Empiric treatment of SBO should include broad-spectrum antibiotics with good anti-Pseudomonas activity, evaluating the need of added antifungal therapy [6]. Treatment duration and route of administration are not well-resolved issues and a wide variety of therapeutic approaches have been adopted in previously reported cases. Initial intravenous treatment is usually followed by long-term oral therapy, providing an adequate clinical response is achieved with intravenous antibiotics and active oral agents exist. However, Pseudomonas aeruginosa osteomyelitis has been associated with lower cure rates and higher recurrence risk [17], therefore antimicrobial therapy has been continued domiciliary for several weeks to minimize relapses [7, 18]. In the meta-analysis by Ridder et al., median length of inpatient treatment was 32 days (range: 7–83), while median length of subsequent oral treatment was 1.5 months (range 0–16 months) [4]. Antibiotic regimens comprising an initial 4–6 weeks course of intravenous treatment followed by 6 to 12 months of oral medication, guided by clinical response, have been recommended [7]. Continuous infusion of antibiotics allows outpatient administration of parenteral therapy, thereby reducing health care resources consumption [19]. Administration of beta-lactams by continuous intravenous infusion generates higher blood and tissue concentrations and allows longer time above the MIC compared with intermittent dosing, which is particularly useful for bacteria with high MIC values, such as Pseudomonas aeruginosa [20]. Because of the wide soft tissue and bone involvement, the critical location of the abscesses, the lack of adjunct surgical debridement, the Pseudomonal etiology, and the absence of side effects, we decided to give the patient a prolonged course of intravenous ceftazidime with domiciliary continuous infusion through a PICC, along with oral ciprofloxacin. Our strategy was successful, allowing for prolonged outpatient intravenous treatment. Remarkably, no side effects were noticed after 11 months of beta-lactam and fluoroquinolone treatment. We believe this is a valid approach, which may be crucial in cases of drug-resistant microorganisms with limited therapeutic options.

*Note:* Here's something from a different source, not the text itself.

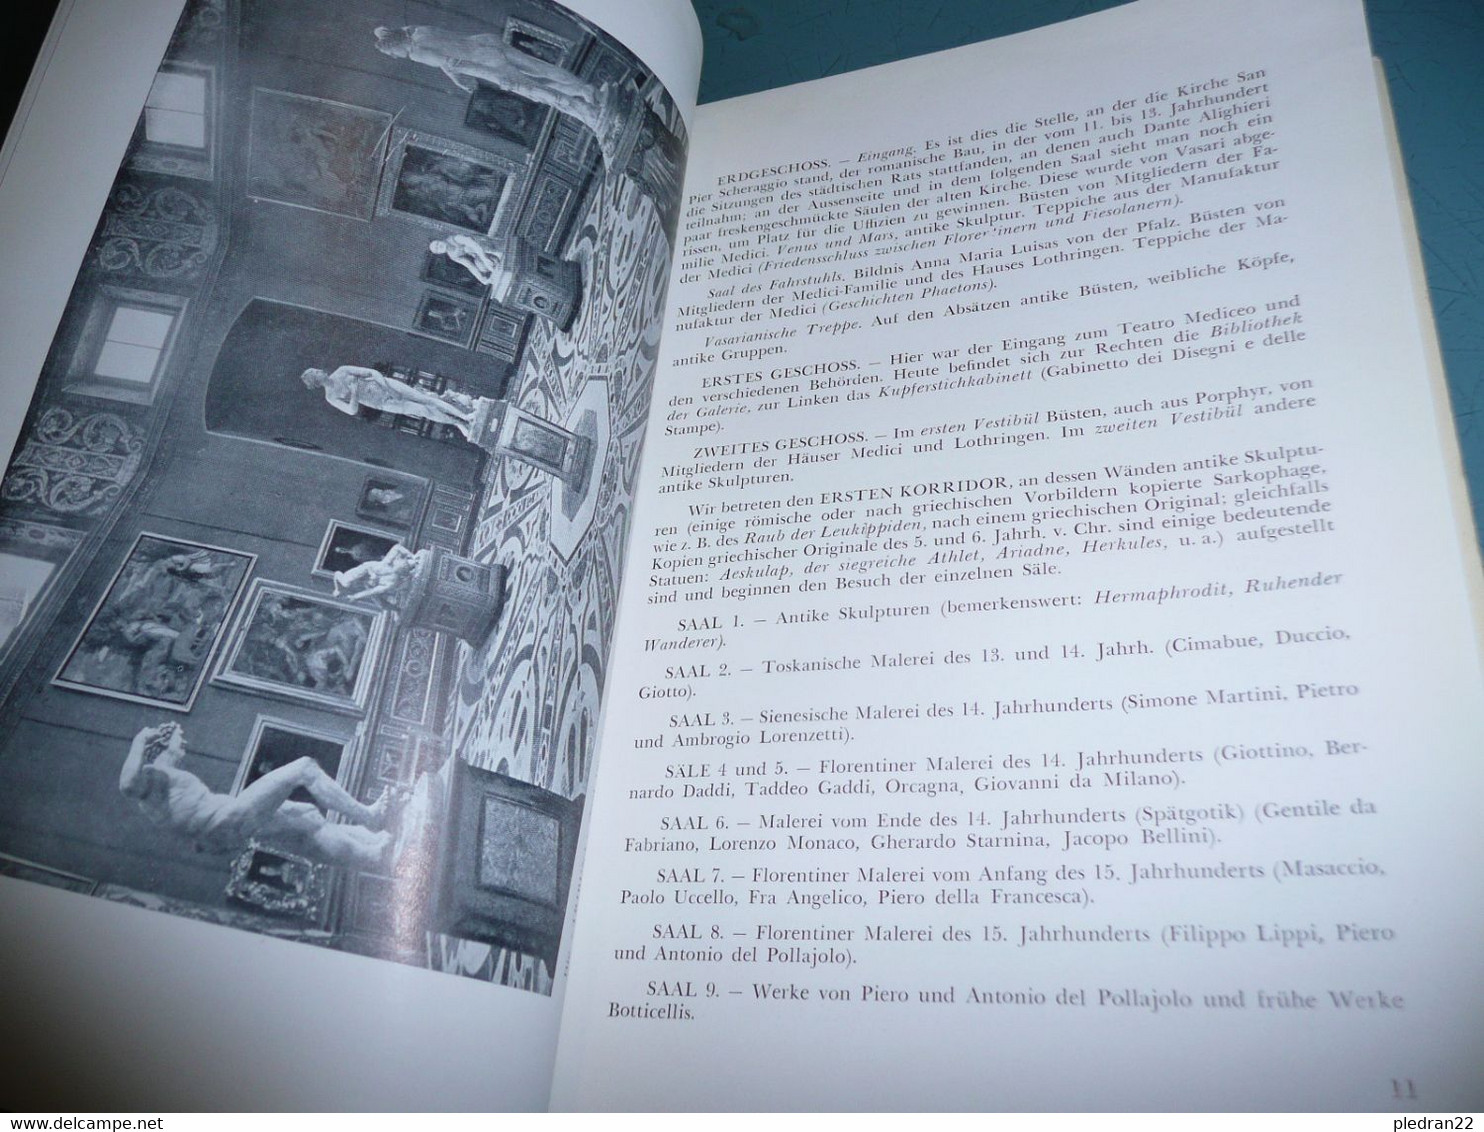 CESARE FASOLA DIE GALERIE DER UFFIZIEN IN FLORENZ GAKERIE DES OFFICES A FLORENCE ALBUM FÜHRER 1955 VERSION EN ALLEMAND - Pintura & Escultura

The role of hyperbaric oxygen is not well defined, but may provide some benefit reversing the hypoxia, improving the phagocytic activity against aerobic microorganisms, and stimulating angiogenesis; a positive effect on the cranial nerve palsies recovery has been reported [4, 21, 22]. Surgery may be needed for decompressing cranial nerves in selected cases [11]. The role of surgical debridement remains controversial. It has no clear impact on survival, antimicrobial treatment duration nor prognosis [9, 18, 21], except in the case of fungal SBO [3]. Nevertheless, surgical debridement could remove devitalized tissue and reduce infection load in order to improve penetration of antibiotics and some authors advocate for an early and forceful surgical approach, especially in patients with protracted ear infections and signs of cranial nerve involvement [4].

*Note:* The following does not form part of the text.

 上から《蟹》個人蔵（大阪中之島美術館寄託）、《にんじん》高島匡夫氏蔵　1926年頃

Close radiological and clinical follow-up of SBO is mandatory. Follow-up gallium scans have been proposed at 1 week and 12 weeks after antibiotics cessation to search for recurrence [22].

Conclusions

SBO can be misdiagnosed as malignancy, especially when there is a strong lytic bone destruction and important soft tissue involvement, as in the reported case. Clinical suspicion, even in the absence of an obvious infective source, and microbiological processing of samples are key to achieve a correct and timely diagnosis. Pseudomonas aeruginosa is the most frequent causative organism. Outpatient parenteral antibiotic therapy administered by continuous infusion could be a suitable option to prolong intravenous treatment in this severe disease, especially when difficult-to-treat organisms like Pseudomonas aeruginosa are implicated.